If response.text is used, garbled code may appear, such as:
import requests response = requests.get("http://www.sina.com") print(response.text)
Result:
<!DOCTYPE html> <!-- [ published at 2017-06-09 15:18:10 ] --> <html> <head> <meta http-equiv="Content-type" content="text/html; charset=utf-8" /> <meta http-equiv="X-UA-Compatible" content="IE=edge" /> <title>新浪首页</title> <meta name="keywords" content="新浪,新浪ç½',SINA,sina,sina.com.cn,新浪首页,门户,资讯" /> <meta name="description" content="新浪ç½'为å...¨çƒç"¨æˆ·24å°æ—¶æä¾›å...¨é¢åŠæ—¶çš„ä¸æ–‡èµ„讯,å†...容覆盖国å†...外çªå'新闻事件ã€ä½"å›èµ›äº‹ã€å¨±ä¹æ—¶å°šã€äº§ä¸šèµ„讯ã€å®žç"¨ä¿¡æ¯ç‰ï¼Œè®¾æœ‰æ–°é—»ã€ä½"育ã€å¨±ä¹ã€è´¢ç»ã€ç§'技ã€æˆ¿äº§ã€æ±½è½¦ç‰30多个å†...容é¢'é",åŒæ—¶å¼€è®¾åšå®¢ã€è§†é¢'ã€è®ºå›ç‰è‡ªç"±äº'动交æµç©ºé—´ã€‚" /> <link rel="mask-icon" sizes="any" href="//www.sina.com.cn/favicon.svg" color="red">
- Reason
When a response is received, requests guesses the encoding of the response, which is used to decode the response when you call the response.text method. Requests first checks whether the specified encoding method exists in the HTTP header. If not, it will use chardet.detect to try to guess the encoding method (with errors), so response. Content. Decode() is more recommended
2. Post request:
The functions of website login and registration are generally done through post request. Learning to initiate post request with Requests is also the first step to climb the website that needs to be logged in.

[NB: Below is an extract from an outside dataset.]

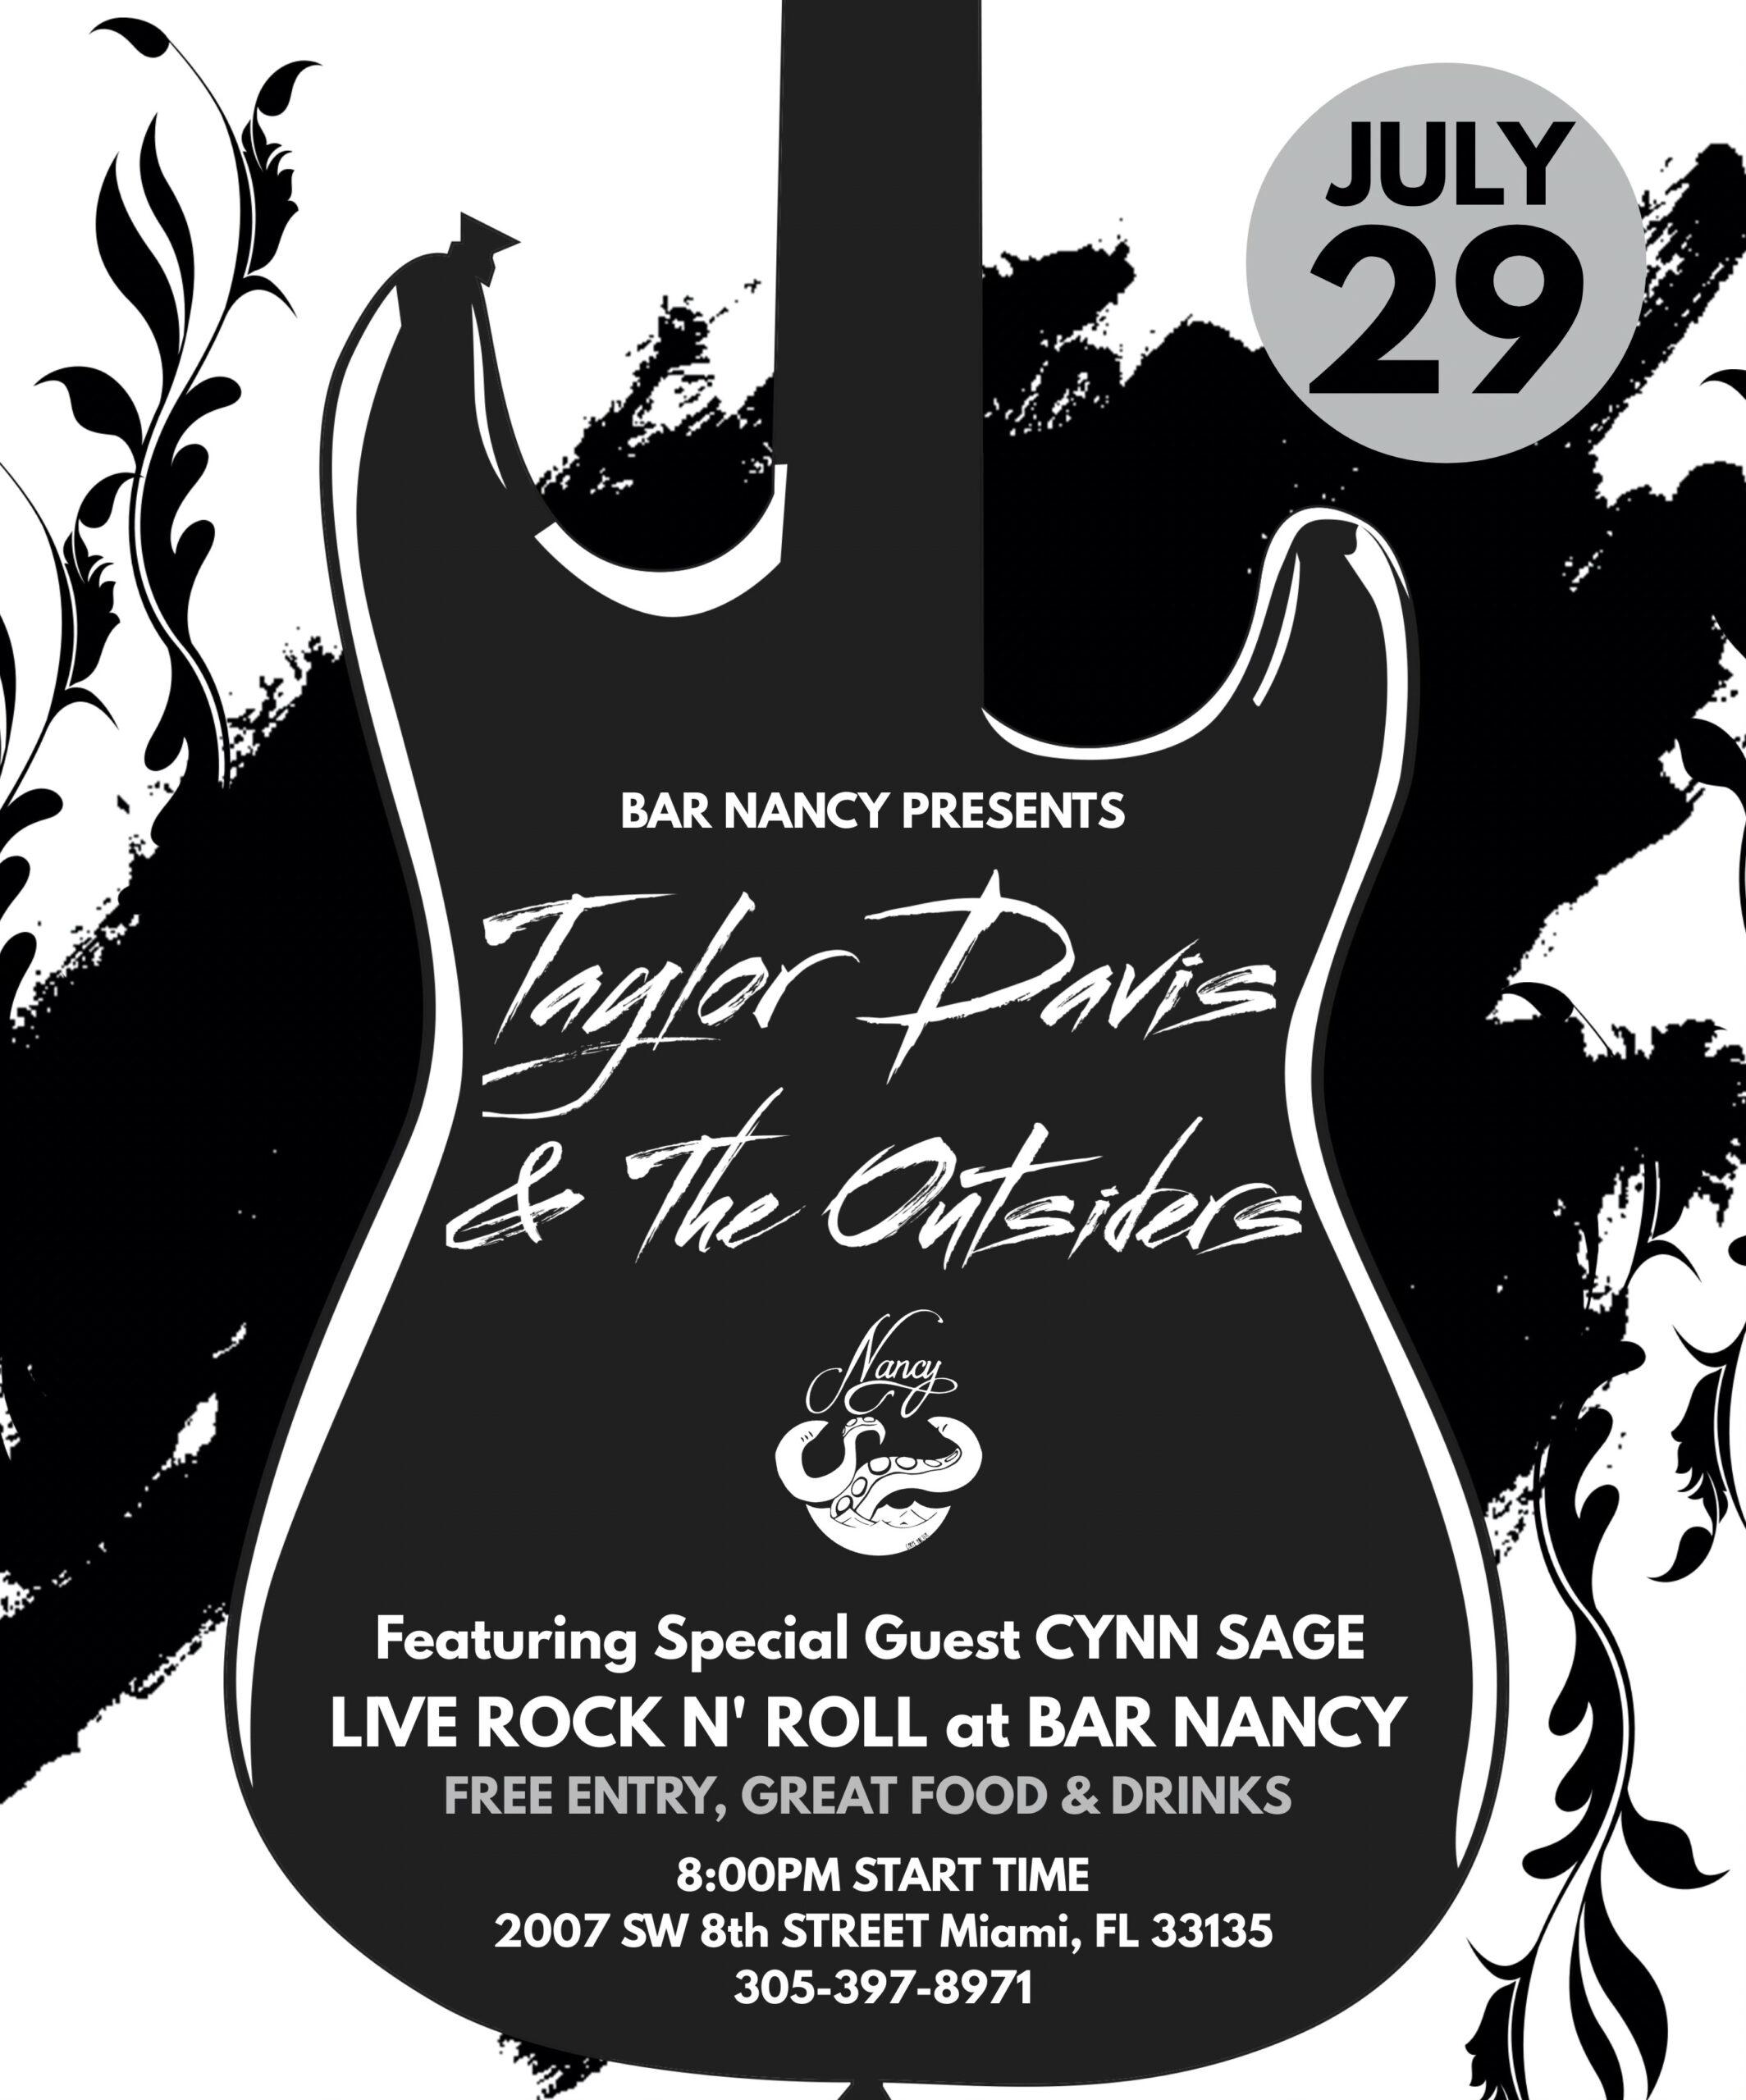 Taylor Davis and the Outsiders at Bar Nancy July 29

import requests #Test request address req_url = "https://httpbin.org/post" #Form Data formdata = { 'username': 'test', 'password': '123456', } #Add request header req_header = { 'User-Agent':'Mozilla/5.0 (X11; Linux x86_64) AppleWebKit/537.36 (KHTML, like Gecko) Chrome/67.0.3396.99 Safari/537.36', } #Initiate request response = requests.post( req_url, data = formdata, headers = req_header ) print (response.text) # If it is a json file, it can be displayed directly #print (response.json())
Result:
{ "args": {}, "data": "", "files": {}, "form": { "password": "123456", "username": "test" }, "headers": { "Accept": "*/*", "Accept-Encoding": "gzip, deflate", "Content-Length": "29", "Content-Type": "application/x-www-form-urlencoded", "Host": "httpbin.org", "User-Agent": "Mozilla/5.0 (X11; Linux x86_64) AppleWebKit/537.36 (KHTML, like Gecko) Chrome/67.0.3396.99 Safari/537.36" }, "json": null, "origin": "223.72.76.90, 223.72.76.90", "url": "https://httpbin.org/post" }
- Upload files
url = 'https://httpbin.org/post' files = {'file': open('image.png', 'rb')} response = requests.post(url, files=files) print(response.text)
Result:
{ "args": {}, "data": "", "files": { "file": "....Too much content to show" }, "form": {}, "headers": { "Accept": "*/*", "Accept-Encoding": "gzip, deflate", "Content-Length": "27597", "Content-Type": "multipart/form-data; boundary=16afeeccbaec949570677ca271dc2d0c", "Host": "httpbin.org", "User-Agent": "python-requests/2.21.0" }, "json": null, "origin": "223.72.76.90, 223.72.76.90", "url": "https://httpbin.org/post" }
Four, summary
The above is the basic Get request and Post request of Requests. The syntax is relatively simple, which is also the first step to learn how to crawl. Come on! Teenager year.